The U.S. Constitution enumerates powers given to the federal government, and it reserves unenumerated powers to the states and the people. In other words, the Framers created a system of dual sovereignty: the federal government possesses specific powers that allow it to govern over certain subject matters, and the states have authority in areas where the federal government’s powers do not reach. In these separate spheres, either the federal government or the state government is sovereign.

The Constitution does not give the federal government the power to criminalize ordinary assault with ordinary chemicals. That is purely intrastate.

And if treaties can be used to circumvent the Constitution’s enumerated limits on federal power and usurp power given to the states under the Tenth Amendment, the American concept of dual sovereignty would be grievously undermined.

When they consider these points, the justices will surely reflect on this long-disputed sentence from Justice Oliver Wendell Holmes’s 1920 opinion in Missouri v. Holland: “If the treaty is valid, there can be no dispute about the validity of the statute [implementing it] under Article 1, Section 8, as a necessary and proper means to execute the powers of the Government.”

But the broadest reading of that sentence cannot possibly be correct.

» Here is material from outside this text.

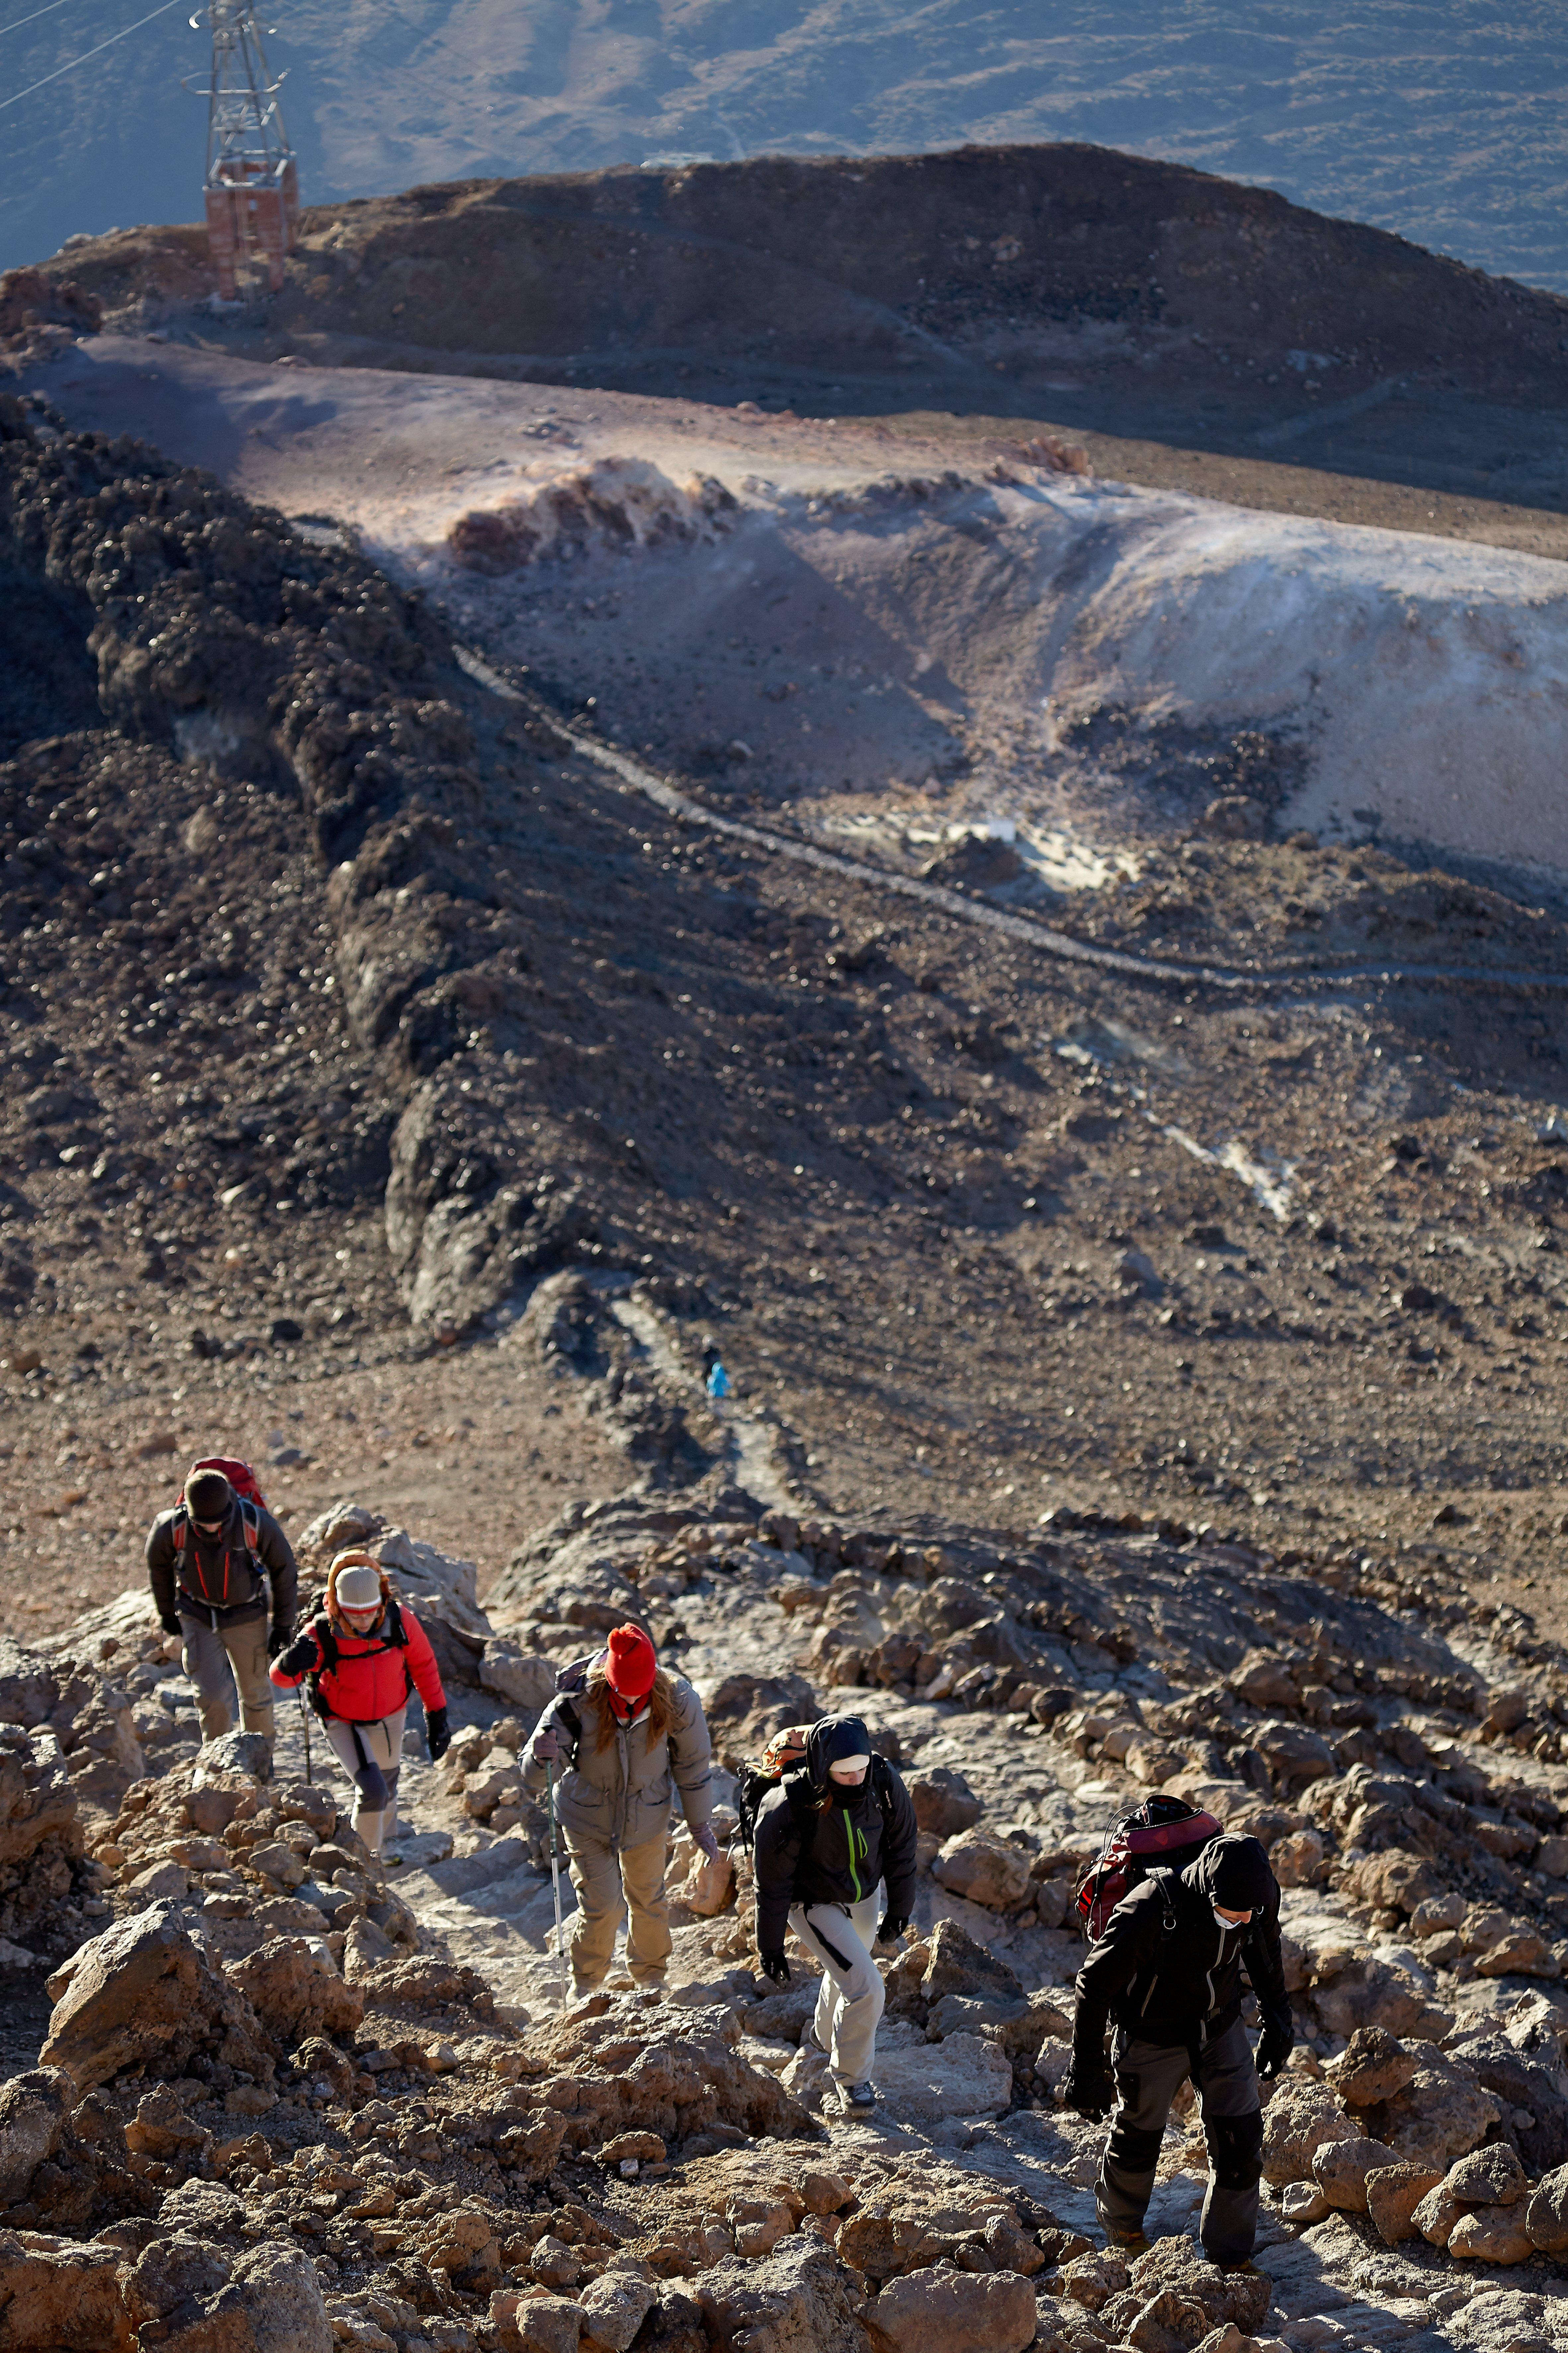 Salire sul Teide a piedi da Montaña Blanca

Could the federal government enter into a treaty that gives Congress the power to ban all political speech? Of course not.

Yet this sentence has been relied upon by the Obama administration and some in the legal academy for the radical proposition that the treaty power can be used to circumvent the structural limits of the federal government.

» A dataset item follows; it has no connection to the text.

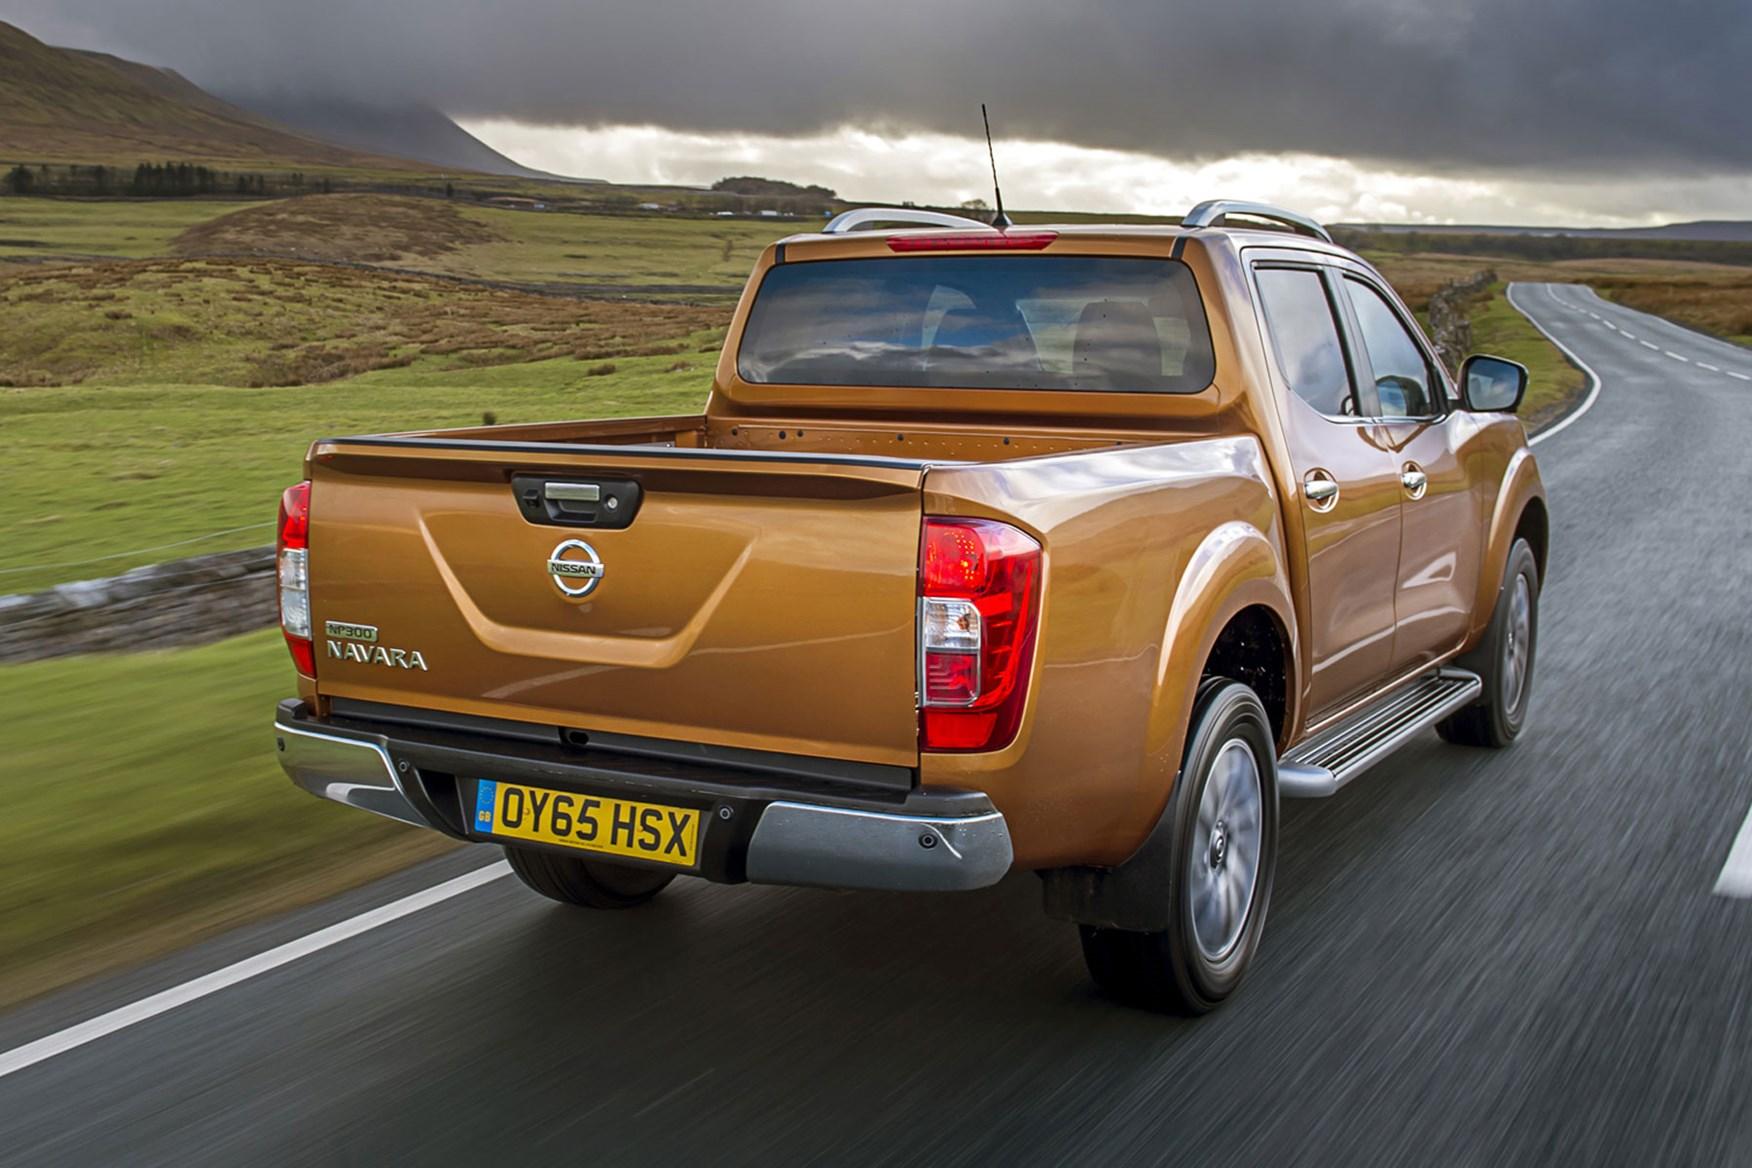 Nissan Navara review - rear view, driving, orange

If the Supreme Court concludes that a treaty can be used to prosecute Americans, regardless of their constitutional rights, the ramifications could be alarming were these treaties to be ratified:

●Nothing would stop the United Nation’s Arms Trade Treaty from being used to vanquish Americans’ Second Amendment right to keep and bear arms.

●Under the Convention on the Law of the Sea, U.S. businesses could be subject to the decisions of the International Tribunal of the Law of the Sea based in Hamburg, Germany, rather than the rulings of American courts.

●The Convention on the Rights of Persons With Disabilities could allow decisions on how to educate a child with disabilities to be made by foreign tribunals rather than by the child’s parents.

Or, consider that state laws favored by liberals, such as California’s environmental laws or a state’s punitive damage laws, could be tossed aside if a conservative president, with Senate approval, crafts a treaty with a foreign country to ban these laws.

It is the province and duty of the Supreme Court to interpret U.S. law. No treaty should abdicate this decision-making power to another authority.

In Medellin v. Texas, the Supreme Court rightly defended U.S. sovereignty and upheld the structural limitations on government power, which serve to protect individual liberty in the United States.

Likewise, in Bond v. United States, the Roberts court should remain faithful to the Constitution and affirm that Bond’s case belongs in Pennsylvania state courts.